Here’s One for the Gipper

Reagan’s Startling Prediction Is Closer Than Ever To Becoming True

By Randy DeSoto June 11, 2015 Via Western Journalism

(So true. – LS)

Ronald Reagan once famously observed that “Freedom is never more than one generation away from extinction. We didn’t pass it on to our children in the bloodstream. The only way they can inherit the freedom we have known is if we fight for it, protect it, defend it, and then hand it to them with the well-taught lessons about how they, in their lifetime, must do the same.

“If you and I don’t do this, then you and I may well spend our sunset years telling our children and our children’s children what it once was like in America when men were free.”

Many fear in our day that we face the prospect of freedom being lost simply due to a lack of knowledge in how we gained it. Thousands of years ago, Moses shared the same concern for his fledgling nation and instructed the people to “lay up these words of mine in your heart and in your soul, and bind them as a sign on your hand [and your forehead]. You shall teach them to your children, speaking of them when you sit in your house, when you walk by the way, when you lie down, and when you rise up.”

History tells us that the citizens of ancient Israel eventually forget the source of their laws and their history, and suffered civil war and eventual conquest.

In modern times, the United States came into existence because the British King and Parliament forgot that the American colonists were also English citizens, guaranteed all the rights of anyone born in the Mother country. Two years before he penned the Declaration of Independence, Thomas Jefferson wrote his influential essay A Summary View of the Rights of British America. In it, he argued that the Crown was failing to recognize their rights as Englishmen, dating back to the the Magna Carta.

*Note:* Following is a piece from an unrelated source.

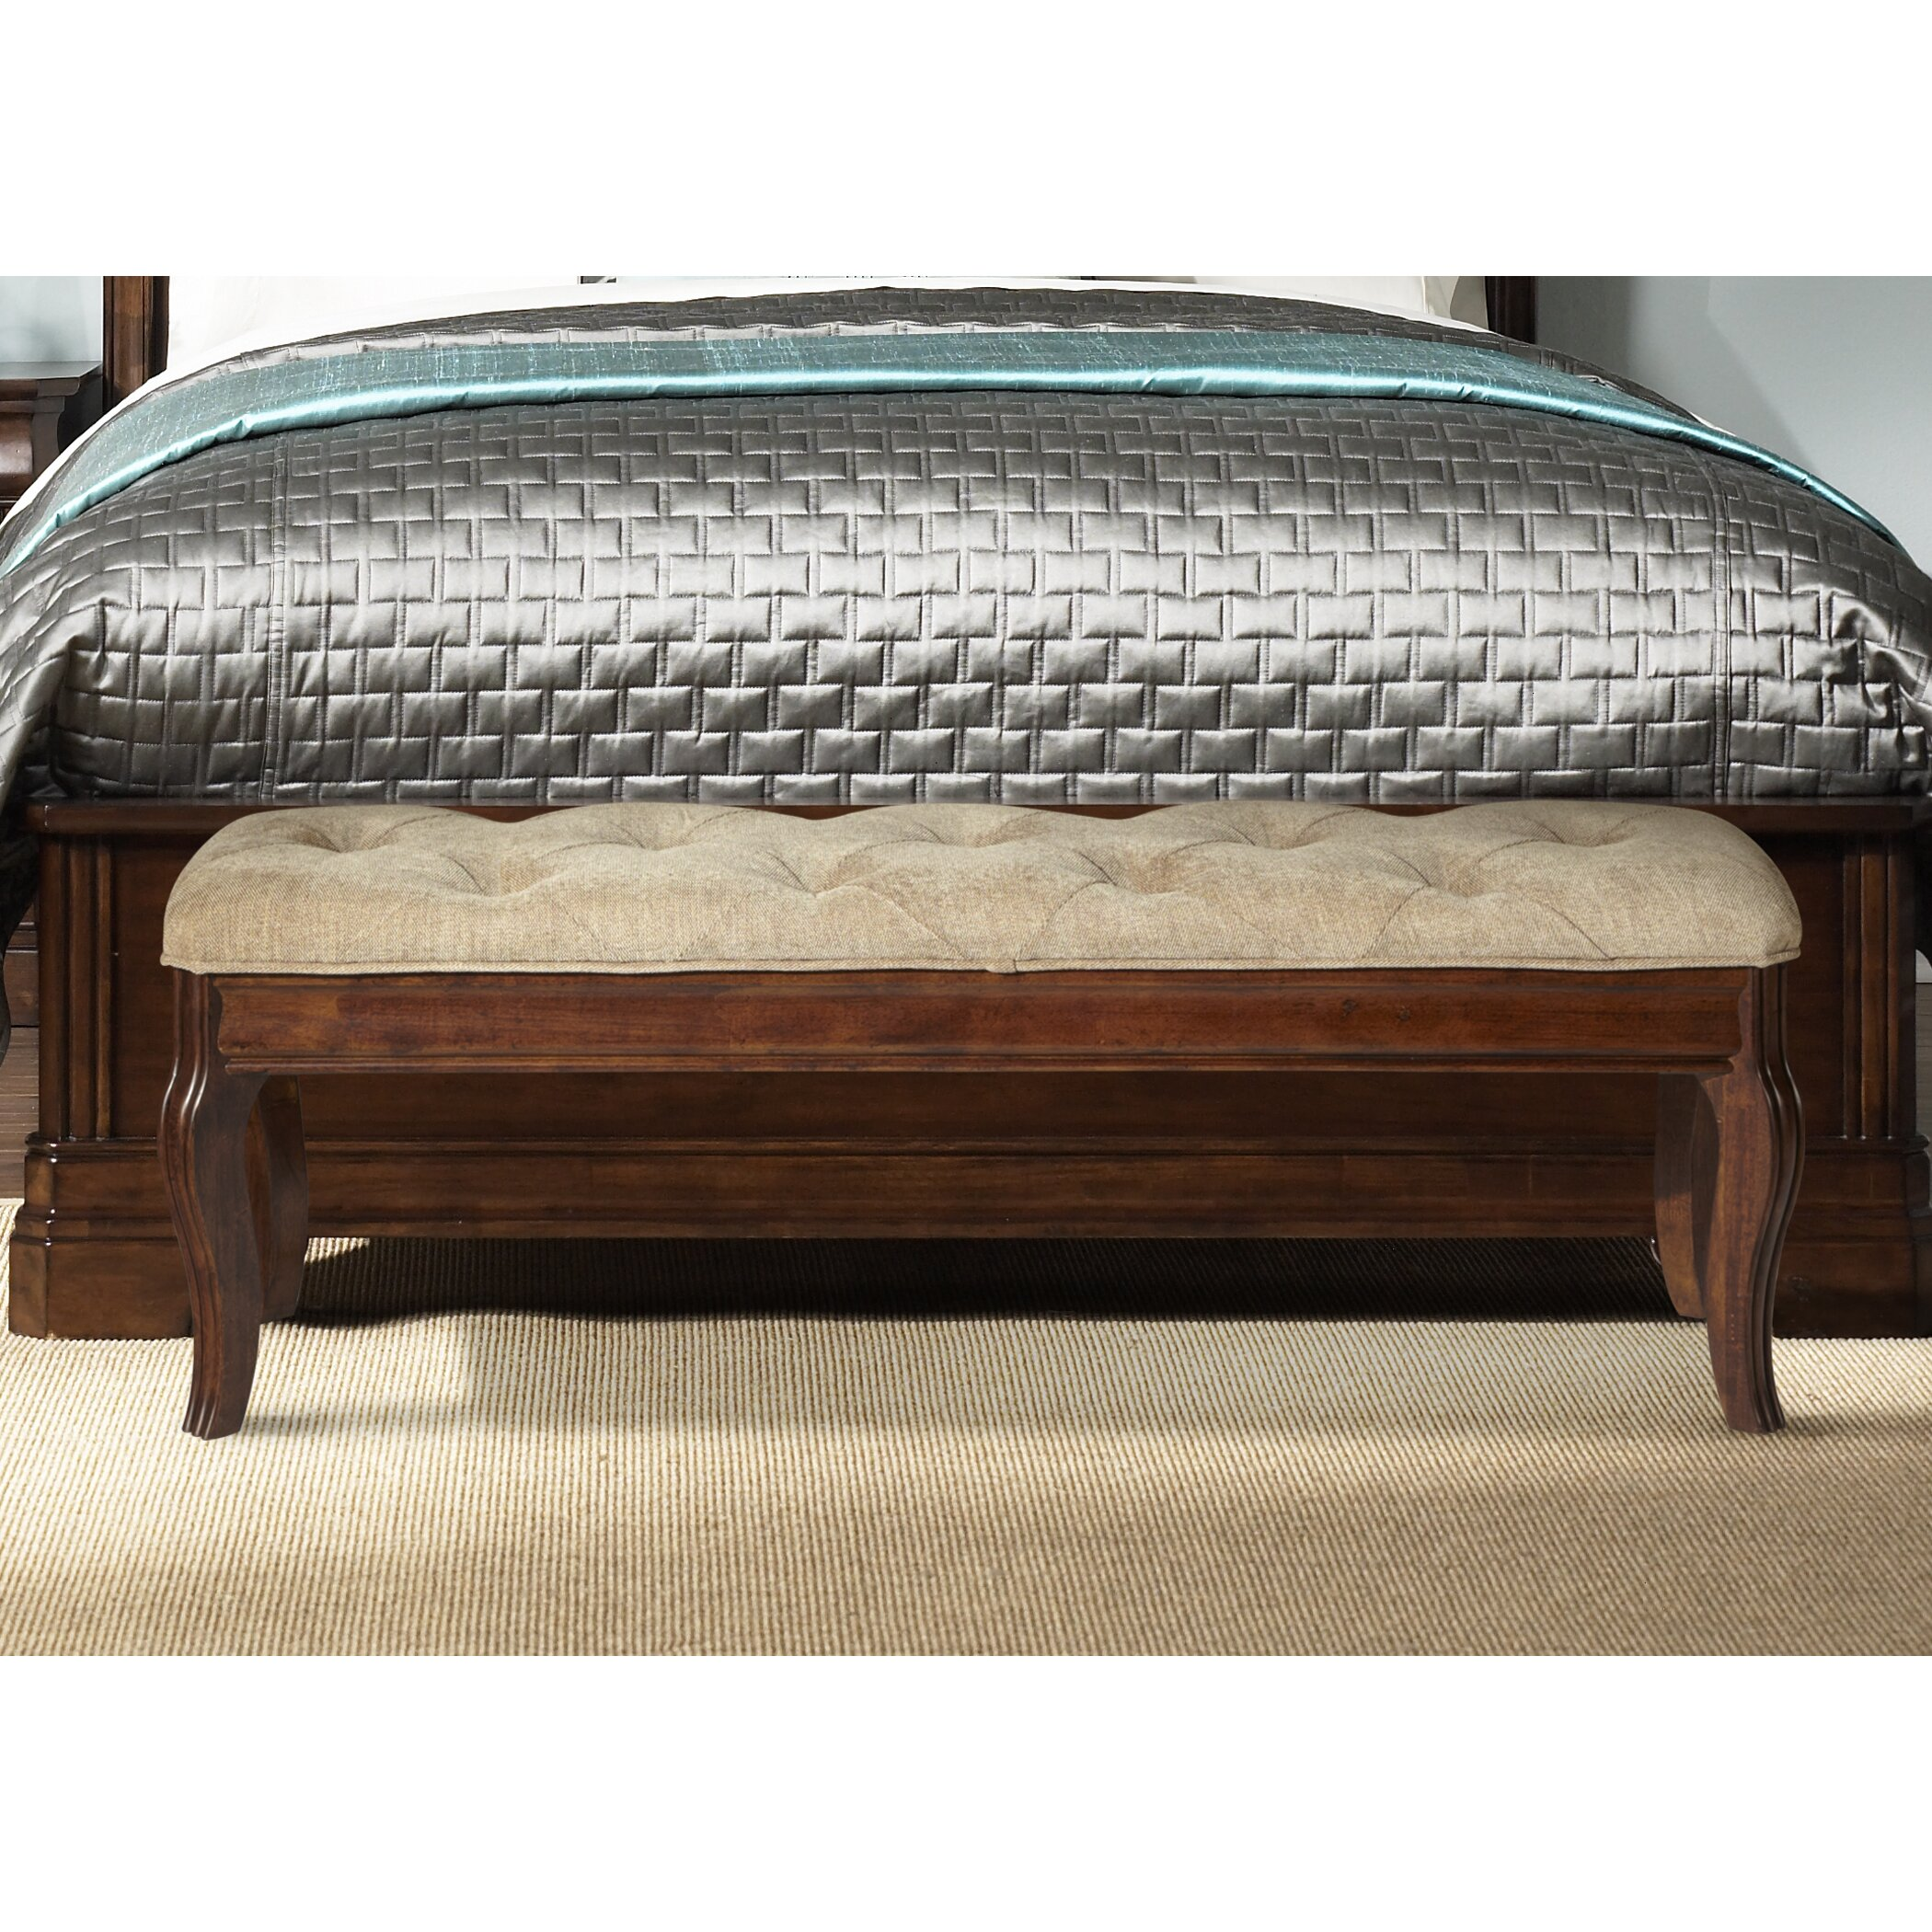 Varian Upholstered Storage Bedroom Bench Birchlane: Rosalind Wheeler Ruppert Upholstered Bedroom Bench

The central message conveyed by that document (which would become the central message of the Declaration of Independence) is that even the king is under the law. Among the specific rights secured to all British citizens on the fields of Runnymede in 1215 included no taxation without representation, trial by a jury of one’s peers, and no loss of one’s liberty or property without due process of law (i.e. all the protections against arbitrary rule guaranteed by the law).

Jefferson eloquently addressed King George III in his essay, writing: “The God who gave us life gave us liberty at the same time; the hand of force may destroy, but cannot disjoin them.” The Virginian hoped the king would “quiet the minds of your subjects in British America against any apprehensions of future encroachment” of their rights.

Avi Davis, president of the American Freedom Alliance–an organization dedicated to preserving the Western ideals of liberty–observed: “Is it any wonder that the American revolutionaries in the 1770s, in claiming their rights to reject taxation without representation, regarded themselves as doing so not as Americans at all but as British citizens, whose natural rights, they claimed, had been articulated and codified in the Magna Carta?

In an interview with Western Journalism, Davis noted the contrast in the development of countries in the former British Empire–including the United States, Canada, Australia, and New Zealand– whose citizens understood their inalienable rights, versus many nations around the world who believed, and in some instances still believe, that the “king is the law.”

He agreed with Reagan that freedom and democracies are “fragile and depend on the goodwill and respect of the citizens.” Davis believes we must keep revisiting the Magna Carta and the other sources of our liberties because they are the foundation of who we are. If we fail to do so, freedom truly is a generation away from extinction.

To that end, the American Freedom Alliance is sponsoring a two-day conference in Reagan’s hometown of Los Angeles, called Magna Carta: The 800 Year Struggle for Human Liberty. The event will take place on June 14-15 (the anniversary of the signing of the Magna Carta) and feature noteworthy speakers including European Parliament member Daniel Hannan and former Australian Prime Minister John Winston Howard. There will also be various panel discussions by experts in the field on the influence of the Magna Carta in America’s founding and in democracies around the world.

On the actual anniversary of the signing, Monday, the conference will go live to Runnymede, England, via satellite link up, to join the celebration there.

One of Ronald Reagan’s close Hollywood friends, Jimmy Stewart, played the role of Jefferson Smith in the iconic film Mr. Smith Goes To Washington. In the climactic final scene of the movie, as Smith is conducting a one-man filibuster against government corruption, he said: “Great principles don’t get lost once they come to light. They’re right here. You just have to see them again.”

The 800th anniversary of the signing of the Magna Carta offers a great opportunity to see many of those great principles again so they are not lost in our generation–and those generations yet to come.

Explore posts in the same categories: Education, Freedom, Ronald Reagan

2 Comments on “Here’s One for the Gipper”

  1. Orvil's avatar Orvil Says:

    Hey, the Gipper was there at Runnymede on that fine day. But then, so was my ex-wife.

    And her mother.

    Can’t win.

  2. Tyrannovar's avatar Tyrannovar Says:

    Words of wisdom from Reagan.
    A good reminder of the importance of the Magna Carta.
    Very apropos, considering the parlous situation in the world today.
    …more history to read up on for me.